Луна почти закатилась. Скилганнон спокойно дожидался атаки.
Она началась внезапно. Что-то сверкнуло у него перед глазами. От вскинутого вверх Меча Дня отскочил дротик. Скилганнон нырнул влево, и второй дротик пролетел в паре дюймов от его головы. Он сделал выпад и рассек мечом темный плащ. Еще один нырок — на сей раз Меч Ночи пронзил саму Тень. Он даже не видел, как она подобралась к нему, и нанес удар безотчетно. Что-то острое вонзилось ему в плечо. Скилганнон отшатнулся, поняв, что яд уже делает свое дело.
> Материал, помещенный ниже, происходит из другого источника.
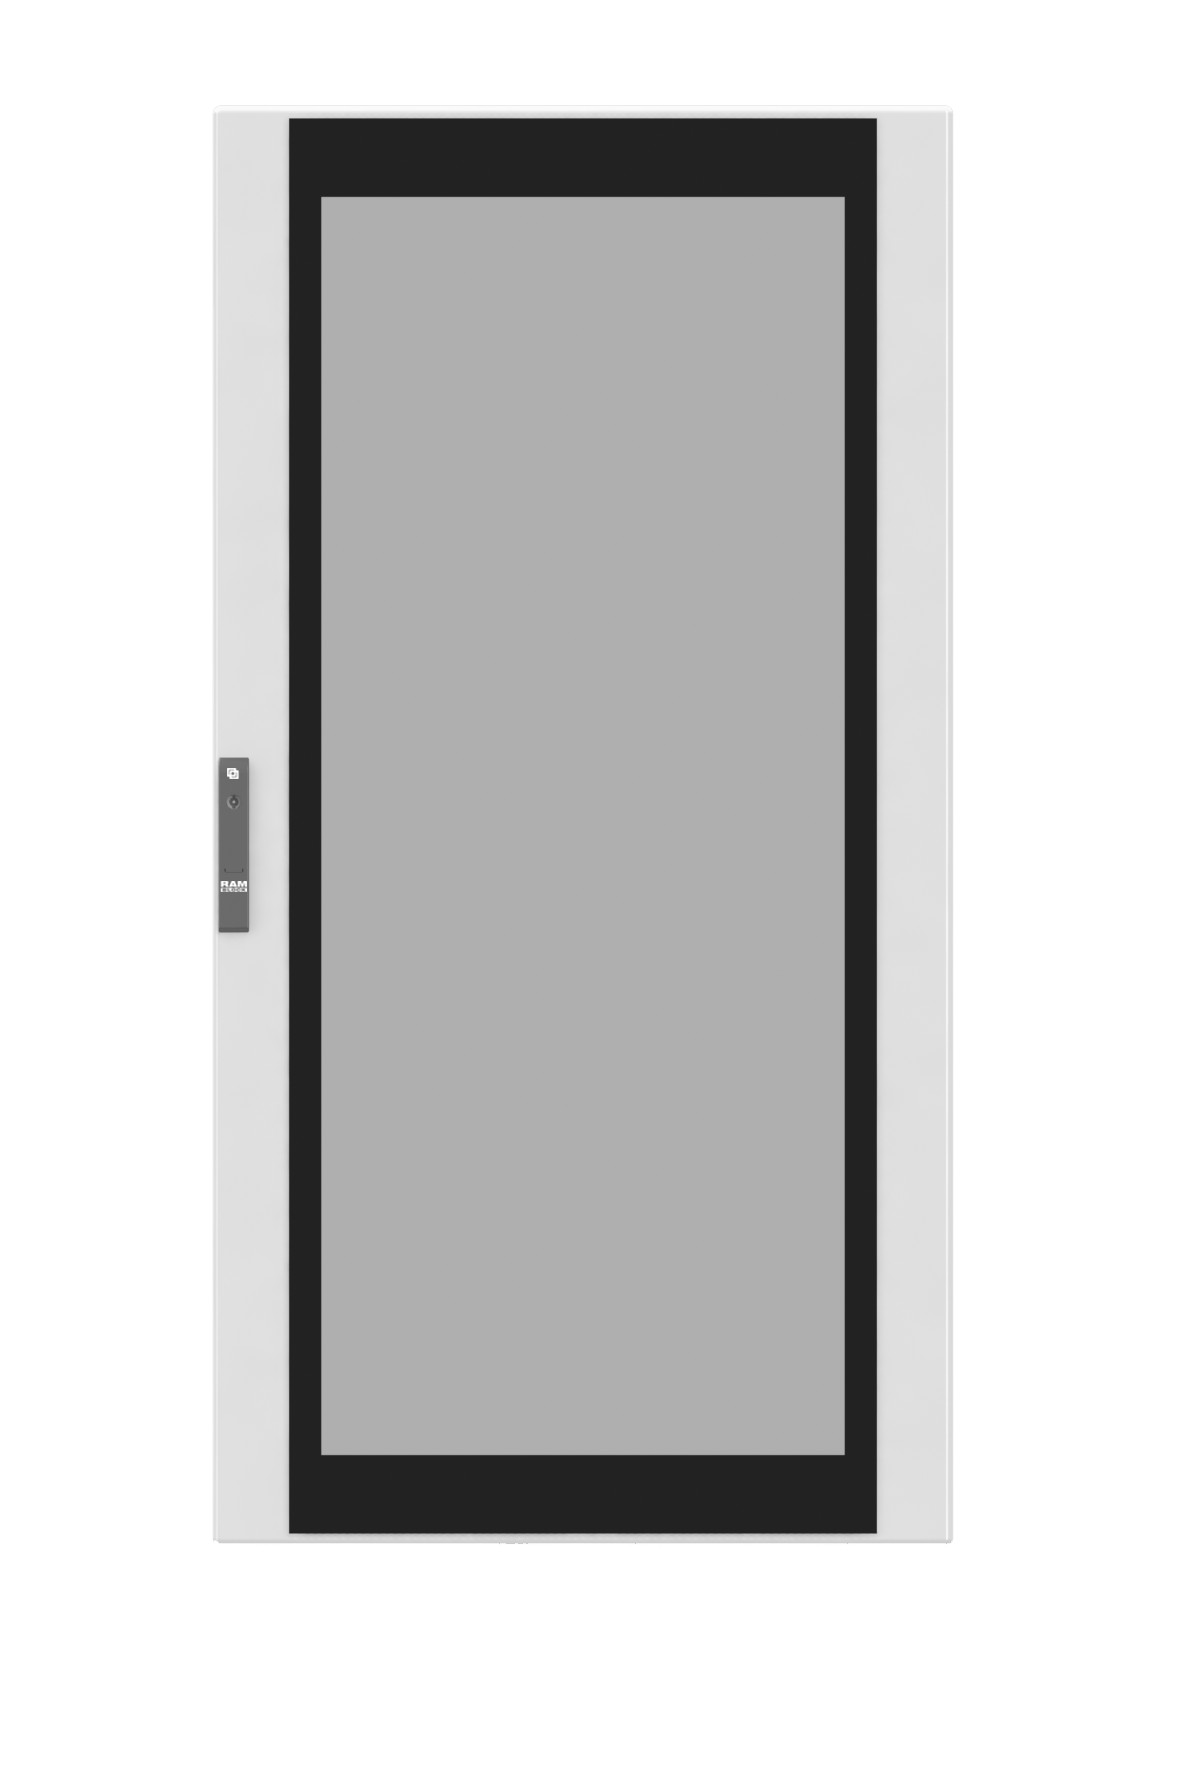 Дверь сплошная для шкафов dae cqe 1400 x 600 мм

Он упал на колени, вытянул руки, уперев мечи в землю, и снова заставил свое сердце биться помедленнее. Появились две оставшиеся Тени. Скилганнон не моргал и не шевелился. Тени, разинув рты, приближались к нему. У одной над нижней губой торчал один клык, у другой два. Подойдя к Скилганнону, они присели, и тут Меч Дня раскроил горло одной из них. Другая успела отпрянуть, но Меч Ночи проехался по ее ребрам и вспорол ей живот. Она попыталась уйти, но в корчах упала на землю.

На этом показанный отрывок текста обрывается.